Artigo

O modelo israelense

22 de Fevereiro de 2021 - 05h00 0 comentário(s) Corrigir A + A -

Por Cezar Roedel - Conjuntura Internacional

Enquanto muitos países ainda estão iniciando e ajustando os seus planos de imunização para o Covid-19, Israel já pode ser um exemplo mundial no enfrentamento ao vírus, com ações concretas e pragmáticas tendo como fundo a tecnologia como grande aliada. O país de 9,3 milhões de habitantes possui, praticamente, mais doses do que realmente necessita. Alguns poderiam perguntar: mas em um país relativamente pequeno, tudo é mais fácil? Na verdade, a resposta não está vinculada diretamente ao tamanho de Israel, se não, nas ações que vem tomando desde o ano passado, como a capacidade de antevisão, o pragmatismo, a transparência e a tecnologia. 

Antevisão

O Primeiro-ministro israelense, Benjamin Netanyahu, não adotou postura de aguardar o desenrolar da conjuntura, com o avanço do vírus. Ainda em novembro de 2020, começou a entrar em contato com os grandes laboratórios, a fim de negociar as vacinas. A postura aberta às negociações e o pragmatismo foram essenciais no processo. A transparência também tomou destaque. Ao contrário de alguns países europeus, Israel manteve aberto o contrato com a Pfizer, disponível na internet, assumindo para si, a responsabilidade pela vacina, algo que passou longe nas negociações com os países europeus. Israel também combinou com o laboratório, o envio semanal dos dados da vacinação, de forma anônima. Em contrapartida, exigiu da Pfizer o envio de doses até a imunização de 95% de sua população. 

Tecnologia

A tecnologia e a Inteligência Artificial têm sido ingredientes importantes na campanha de vacinação no país. De câmeras térmicas até algoritmos ligados a grandes bancos de dados, auxiliam na precisão necessária na campanha. O país consegue controlar a disseminação do vírus por regiões, com a plataforma Neura, que identifica as cadeias de infecção. Pelos algoritmos, o Ministério da Saúde é avisado com antecedência dos riscos de disseminação. Sistemas de reconhecimento facial também auxiliam, nos hospitais, a identificar com quem os profissionais da saúde infectados pelo vírus tiveram contato. Já o robô ElliQ (inteligência artificial) torna o isolamento de idosos algo menos maçante.

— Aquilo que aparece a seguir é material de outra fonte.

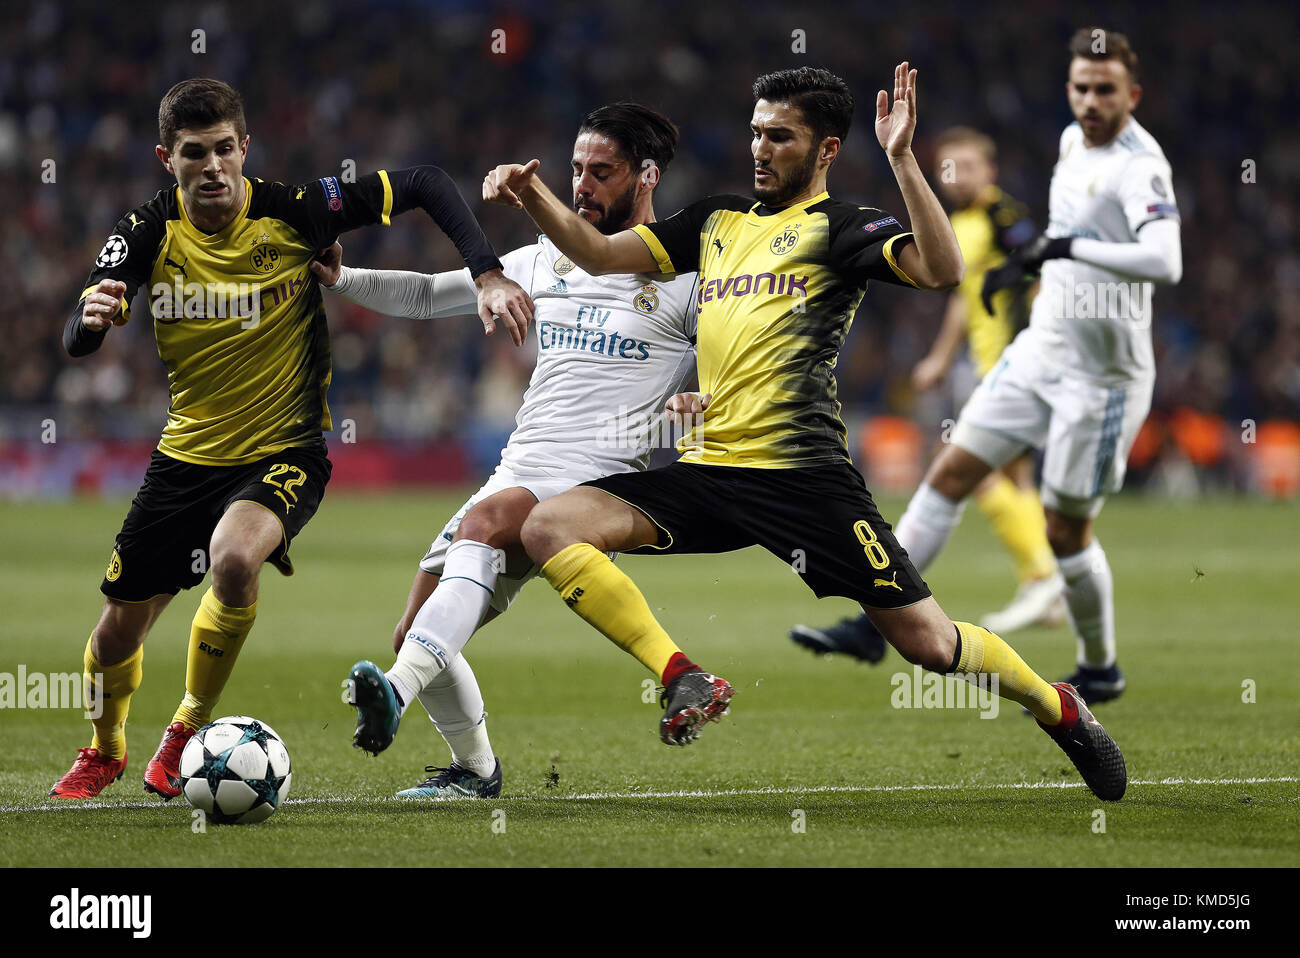 Madrid, Spain. 6th Dec, 2017. Isco of Real Madrid is challenged by Sahin of Borussia Dortmund during the UEFA Champions League group H match between Real Madrid and Borussia Dortmund at Santiago Bernabéu. Credit: Manu reino/SOPA/ZUMA Wire/Alamy Live News Stock Photo

O robô é programado para manter a atenção de idosos em atividades rotineiras, enquanto as famílias mantêm o distanciamento social. 

Doses e otimismo

Atualmente, é o país com mais doses per capita do mundo. Em sua população, cerca de 4 milhões de israelenses tomaram a primeira dose da vacina, da americana Pfizer, em parceria com a Biontech. Das pessoas com mais de 60 anos, 80% estão imunizadas. Não seria exagero especular que no ritmo célere que o país adotou, até final de março, toda a população esteja imunizada, antes mesmo da Pessach, a Páscoa judaica, dia 27 de março. 

Parceria com o Brasil

O governo brasileiro informou que enviará comitiva para Israel, para conhecer o spray nasal EXO-CD24, desenvolvido pelo Centro Médico Ichilov de Tel Aviv. O spray passou pela primeira fase de pesquisa, tendo resultado otimista no tratamento de casos graves do Covid-19. O medicamento foi administrado por 30 pacientes, conseguindo todos eles se recuperarem, mesmo nos casos acentuados. Segundo o hospital, o medicamento combate a tempestade de citocinas, que muitos pesquisadores apontaram ser a razão de muitas mortes pelo coronavírus.